School of Biomedical Engineering and Imaging Sciences, King's College London, London, United Kingdom.
School of Biomedical Engineering, ShanghaiTech University, Shanghai, People's Republic of China.
Magn Reson Med. 2021 Oct;86(4):1983-1996. doi: 10.1002/mrm.28851. Epub 2021 Jun 6.
To develop an end-to-end deep learning technique for nonrigid motion-corrected (MoCo) reconstruction of ninefold undersampled free-breathing whole-heart coronary MRA (CMRA).

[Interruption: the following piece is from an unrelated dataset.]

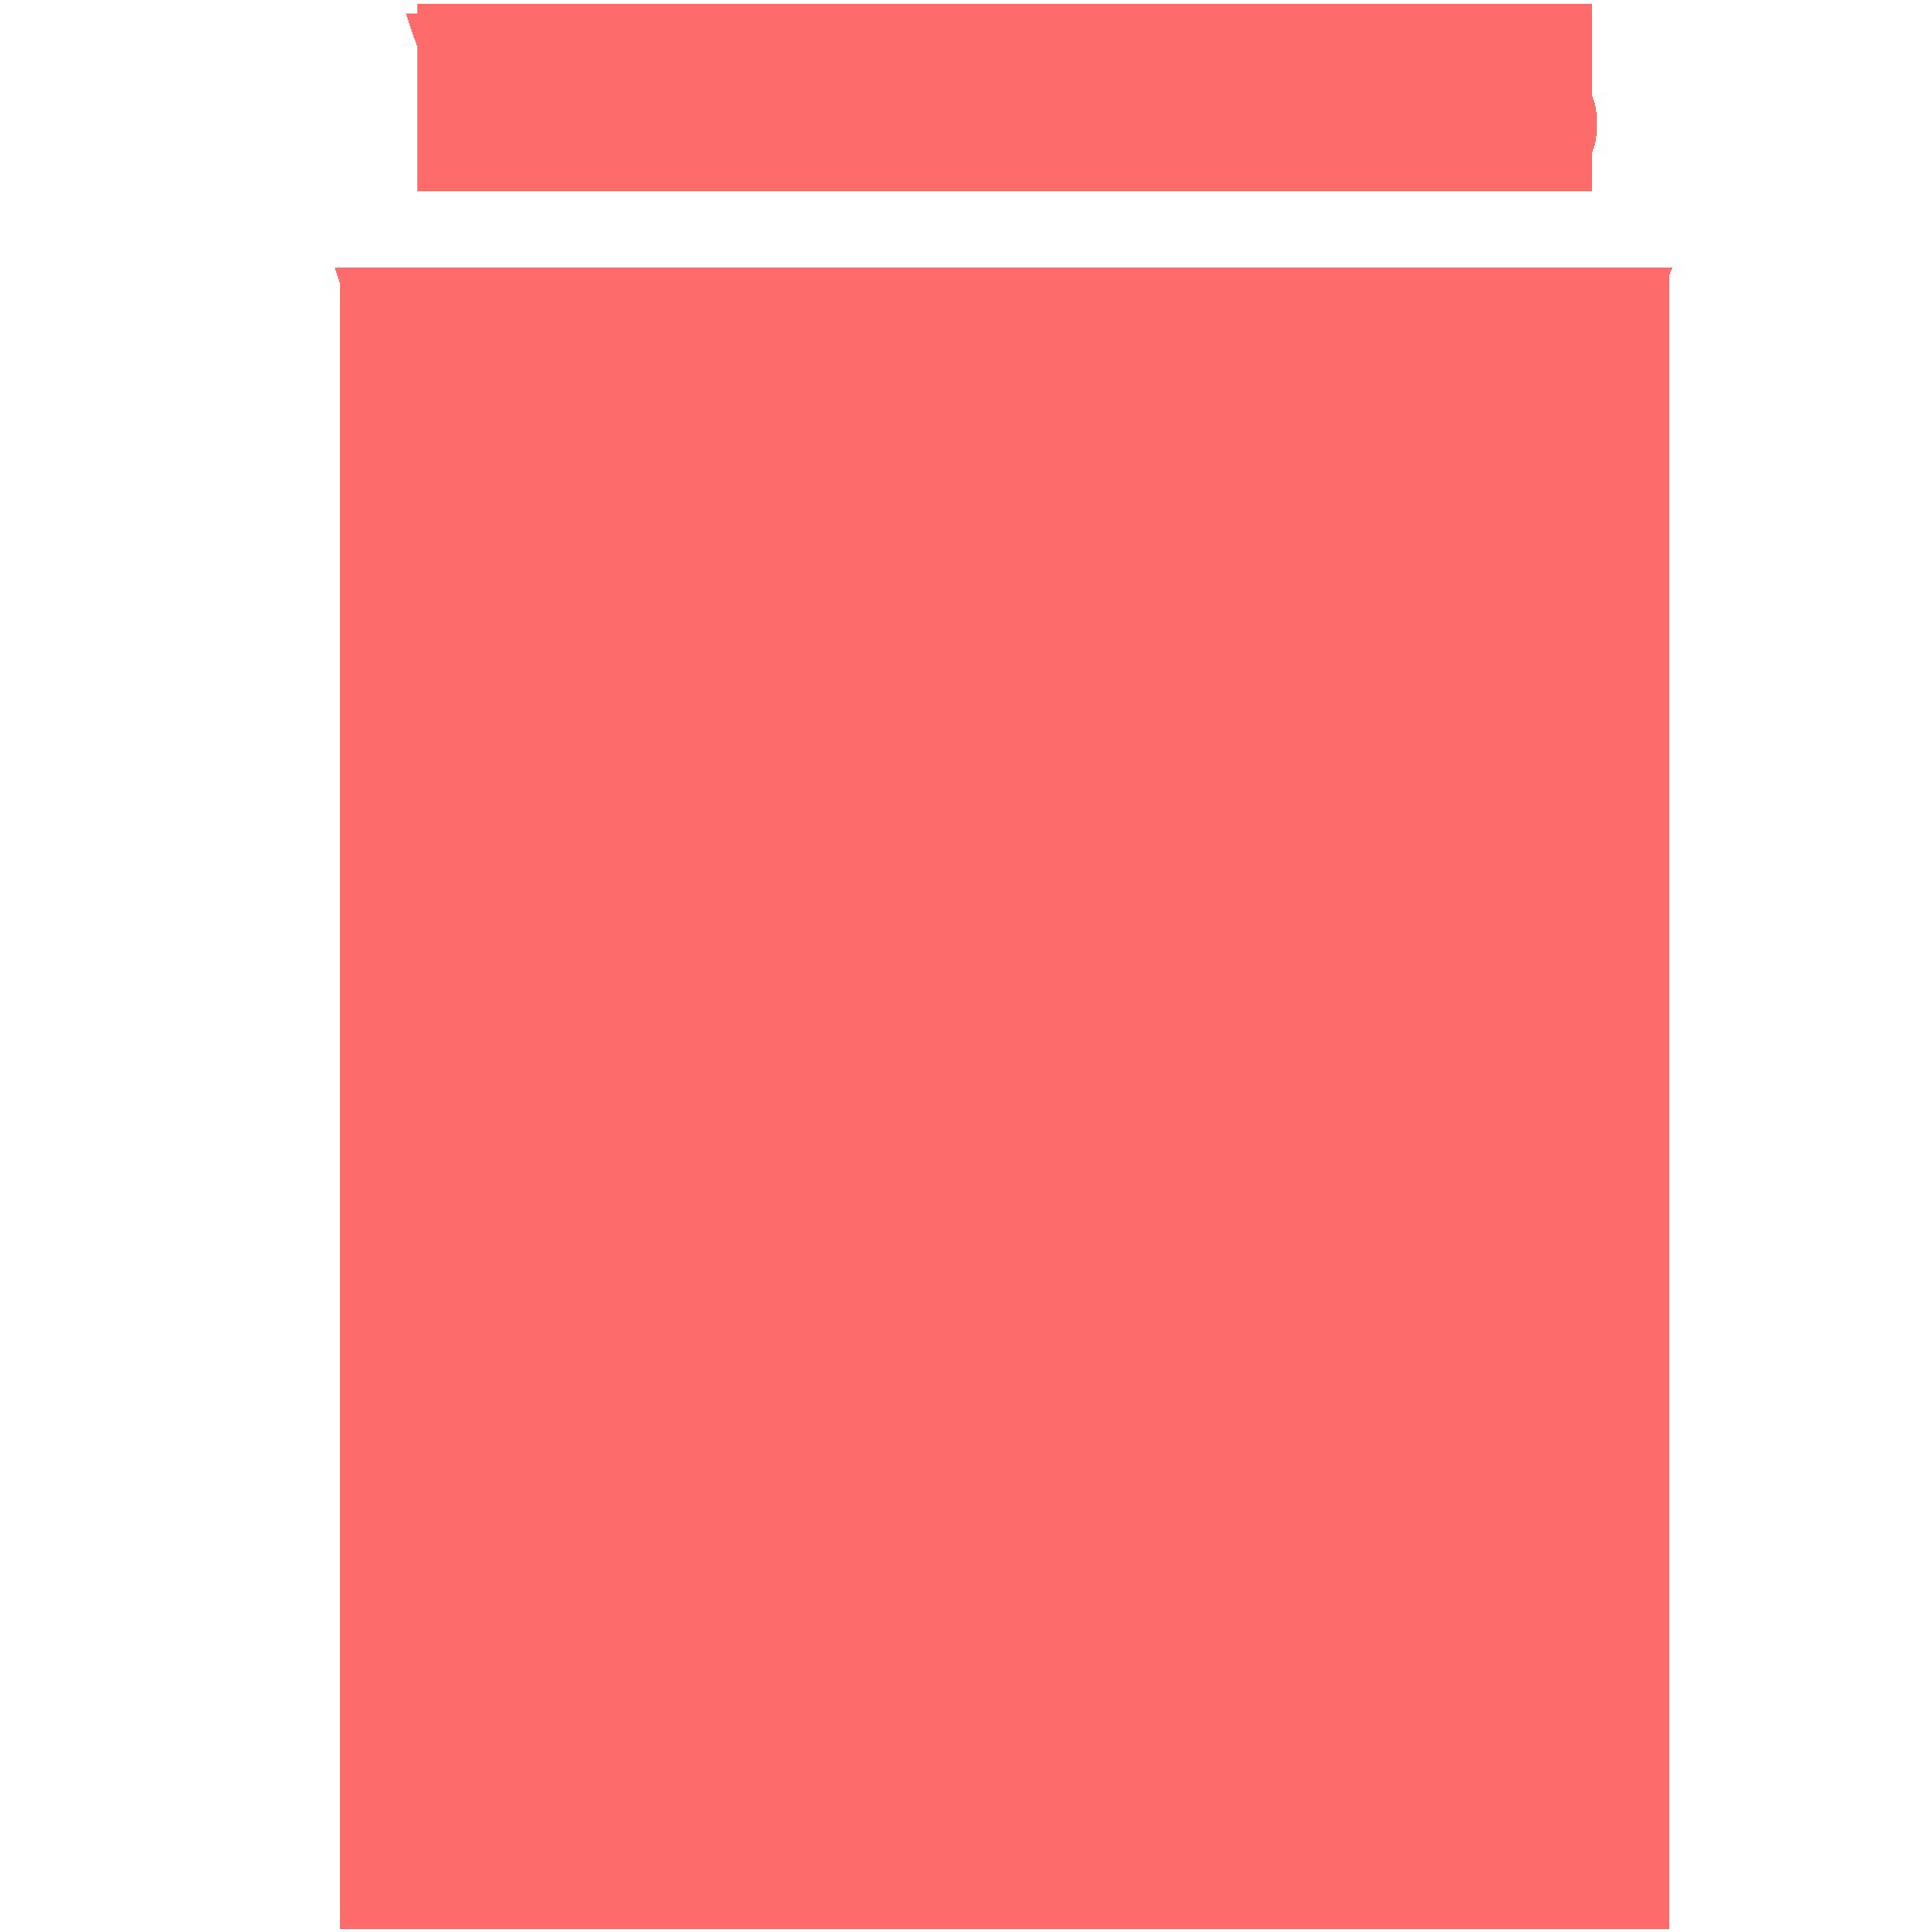 Vizion Studio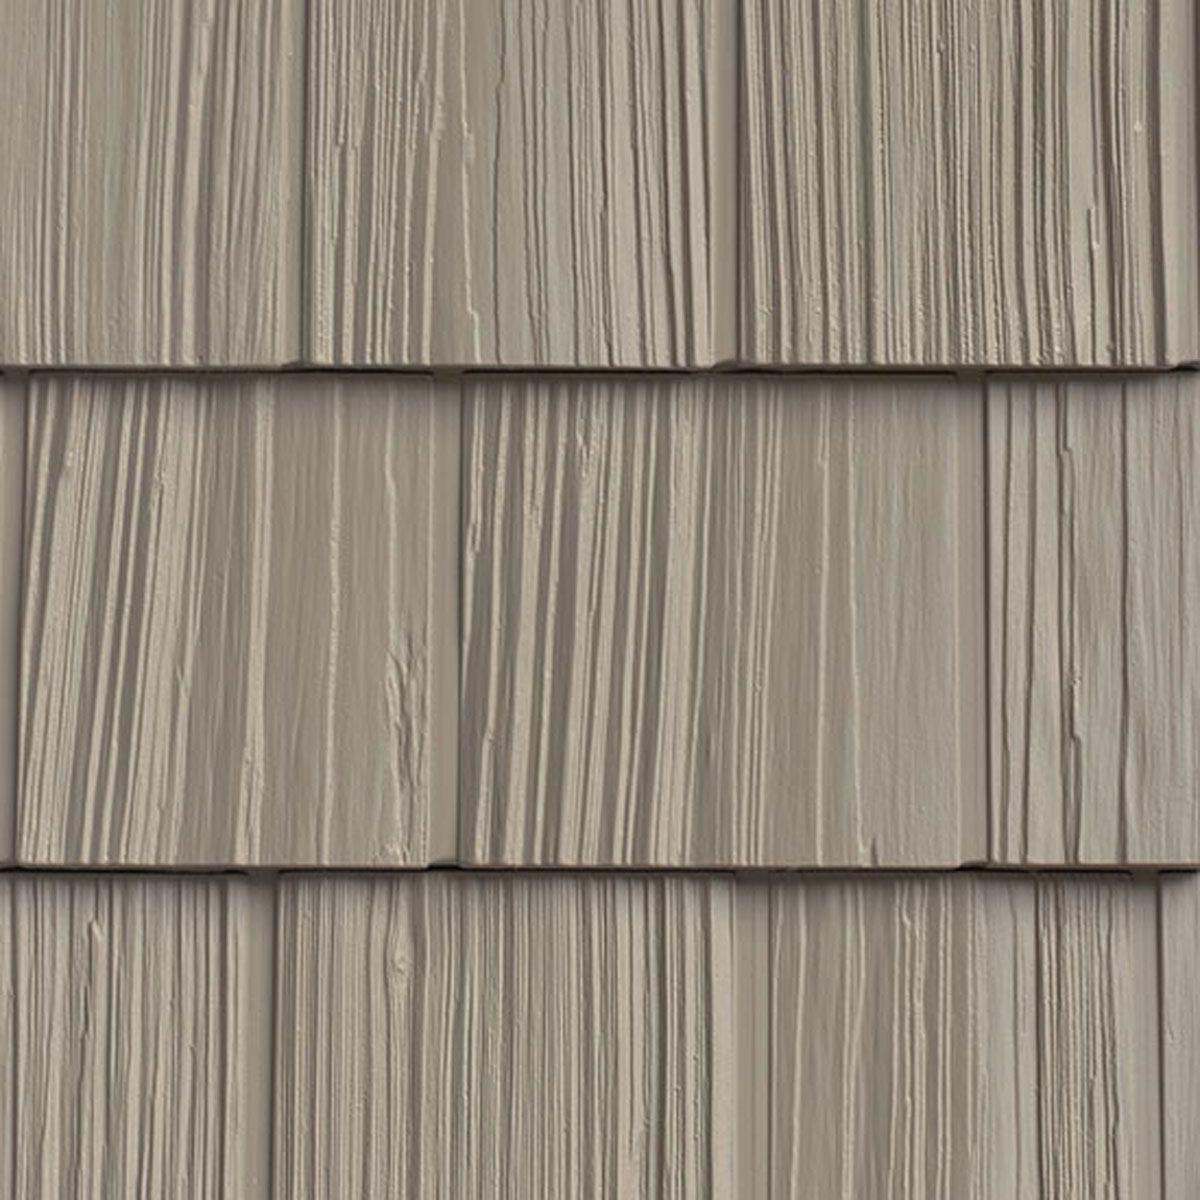 10 Inch W X 62 1 2 Inch L Exposure Vinyl Staggered Shakes 23 Panels Ctn 100 Sq Feet Vinyl Siding Vinyl Shake Siding Shake Siding

A novel deep learning framework was developed consisting of a diffeomorphic registration network and a motion-informed model-based deep learning (MoDL) reconstruction network. The registration network receives as input highly undersampled (~22×) respiratory-resolved images and outputs 3D nonrigid respiratory motion fields between the images. The motion-informed MoDL performs MoCo reconstruction from undersampled data using the predicted motion fields. The whole deep learning framework, termed as MoCo-MoDL, was trained end-to-end in a supervised manner for simultaneous 3D nonrigid motion estimation and MoCo reconstruction. MoCo-MoDL was compared with a state-of-the-art nonrigid MoCo CMRA reconstruction technique in 15 retrospectively undersampled datasets and 9 prospectively undersampled acquisitions.
The acquisition time for ninefold accelerated CMRA was ~2.5 min. The reconstruction time was ~22 s for the proposed MoCo-MoDL and ~35 min for the conventional approach. MoCo-MoDL achieved higher peak SNR (27.86 ± 3.00 vs. 26.71 ± 2.79; P < .05) and structural similarity (0.78 ± 0.06 vs. 0.75 ± 0.06; P < .05) than the conventional approach. Similar vessel length and visual image quality score were obtained with the 2 methods, whereas improved vessel sharpness was observed with MoCo-MoDL.
An end-to-end deep learning approach was introduced for simultaneous nonrigid motion estimation and MoCo reconstruction of highly undersampled free-breathing whole-heart CMRA. The rapid free-breathing CMRA acquisition together with the fast reconstruction of the proposed approach promises easy integration into clinical workflow.
开发一种端到端深度学习技术,用于对九倍欠采样自由呼吸全心冠状动脉 MRA(CMRA)进行非刚性运动校正(MoCo)重建。
开发了一种新的深度学习框架,由变形配准网络和运动感知基于模型的深度学习(MoDL)重建网络组成。该配准网络接收高度欠采样(约 22×)呼吸分辨图像,并输出图像之间的 3D 非刚性呼吸运动场。运动感知的 MoDL 使用预测的运动场从欠采样数据中进行 MoCo 重建。整个深度学习框架,称为 MoCo-MoDL,通过监督方式进行端到端训练,用于同时进行 3D 非刚性运动估计和 MoCo 重建。MoCo-MoDL 在 15 个回顾性欠采样数据集和 9 个前瞻性欠采样采集的研究中与一种先进的非刚性 MoCo CMRA 重建技术进行了比较。
九倍加速 CMRA 的采集时间约为 2.5 分钟。所提出的 MoCo-MoDL 的重建时间约为 22 秒,而传统方法的重建时间约为 35 分钟。MoCo-MoDL 获得了更高的峰值信噪比(27.86 ± 3.00 与 26.71 ± 2.79;P <.05)和结构相似性(0.78 ± 0.06 与 0.75 ± 0.06;P <.05)比传统方法。两种方法都获得了相似的血管长度和视觉图像质量评分,而 MoCo-MoDL 观察到了更好的血管锐利度。
提出了一种端到端深度学习方法,用于高度欠采样自由呼吸全心 CMRA 的非刚性运动估计和 MoCo 重建。快速自由呼吸 CMRA 采集与所提出的快速重建方法的结合有望轻松集成到临床工作流程中。